Beginning with the line that contains "Functionalist or Bauhaus" and ending with the line that contains "Good original condition.", reproduce the lines of the entries below exactly, omitting pictures.

* _DATA FOR THIS TASK_
************

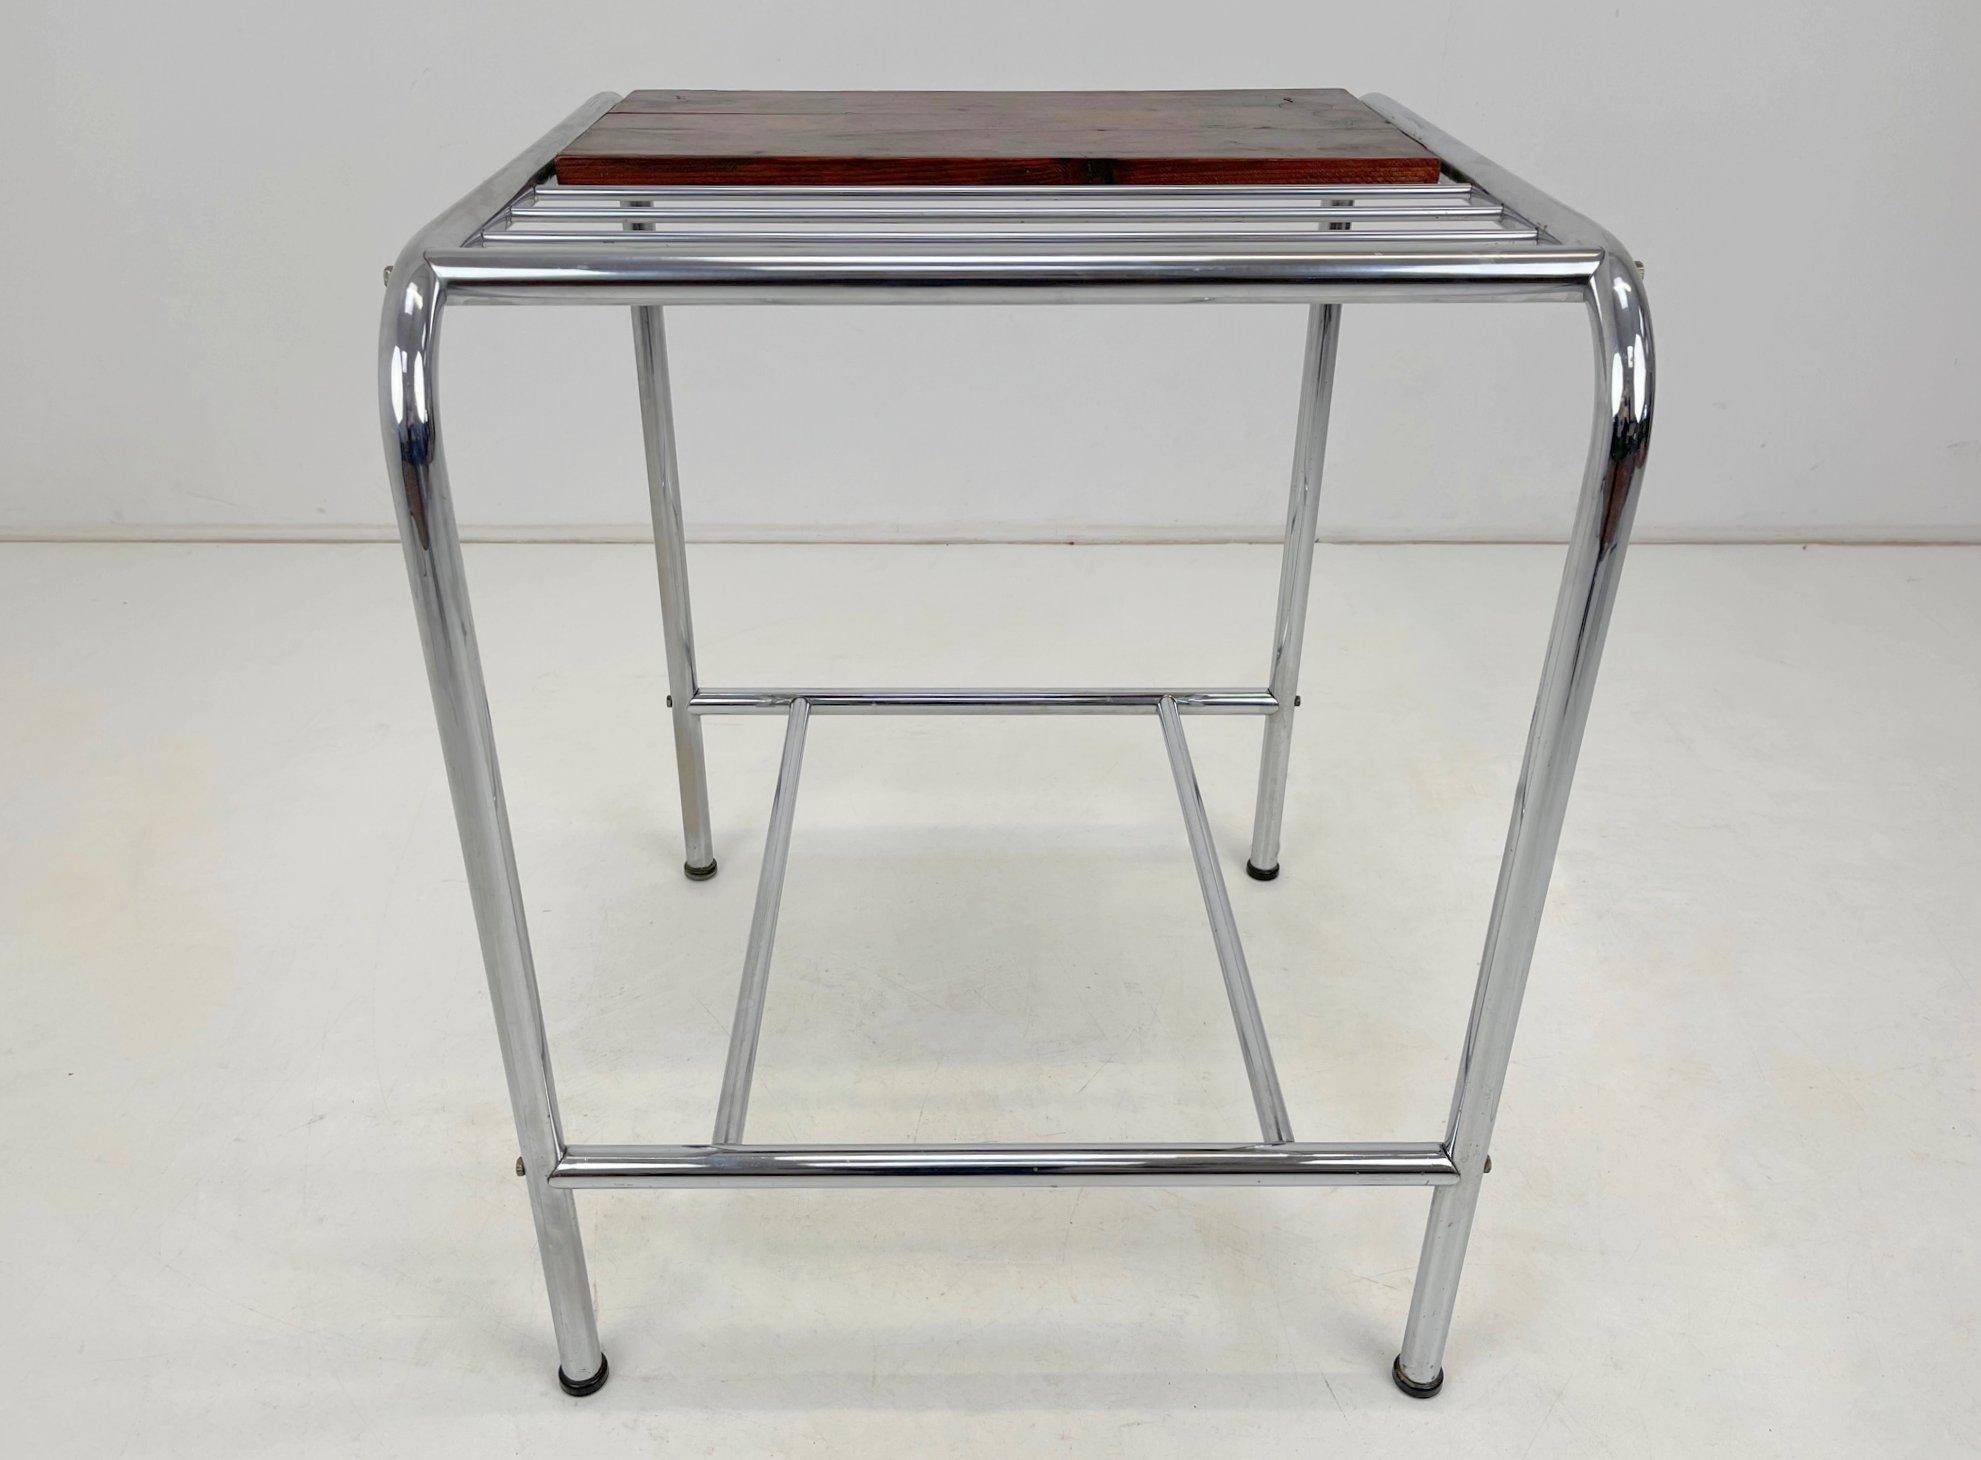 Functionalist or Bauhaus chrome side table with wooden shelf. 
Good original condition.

************

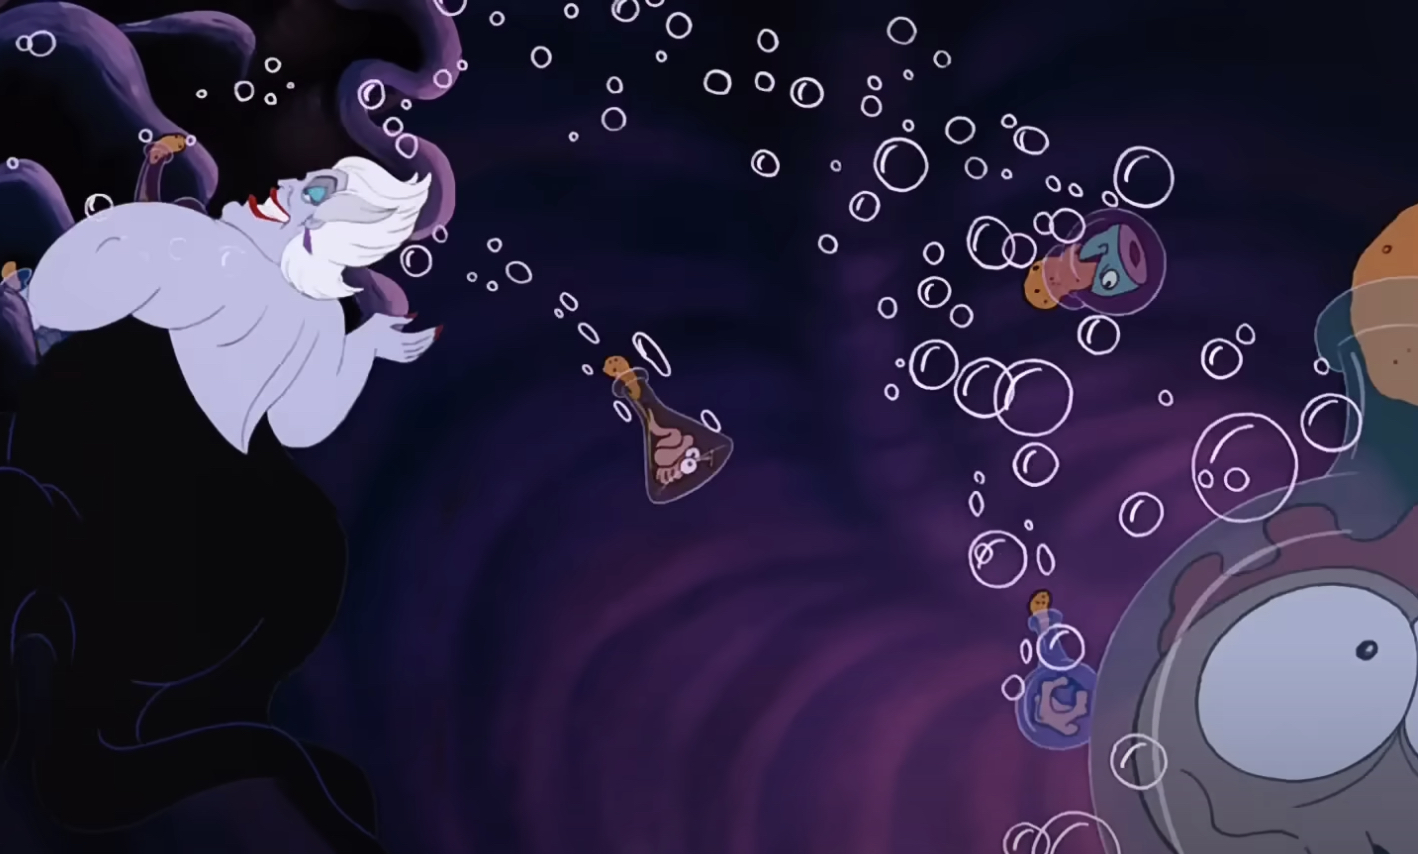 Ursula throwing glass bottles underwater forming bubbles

************

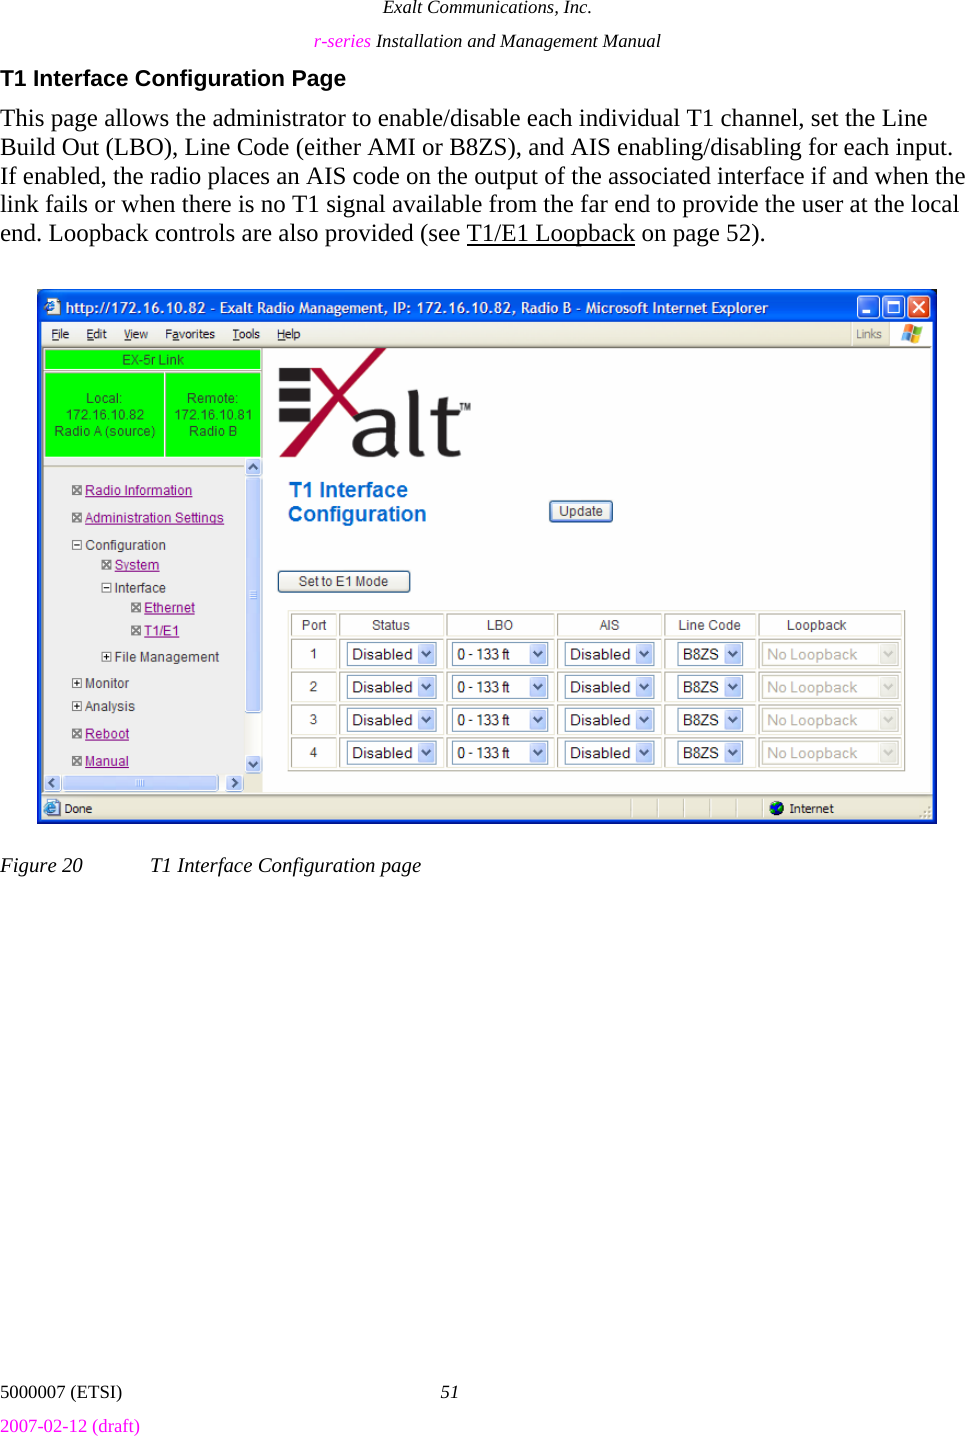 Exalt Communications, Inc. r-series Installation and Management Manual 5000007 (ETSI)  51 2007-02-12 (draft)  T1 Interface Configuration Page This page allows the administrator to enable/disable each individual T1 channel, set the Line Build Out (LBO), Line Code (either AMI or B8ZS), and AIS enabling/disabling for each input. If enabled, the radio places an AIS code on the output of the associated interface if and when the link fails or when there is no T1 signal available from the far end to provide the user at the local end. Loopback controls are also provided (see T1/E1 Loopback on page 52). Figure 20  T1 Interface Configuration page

************

* _EXERCISE SOLUTION_
 Functionalist or Bauhaus chrome side table with wooden shelf. 
Good original condition.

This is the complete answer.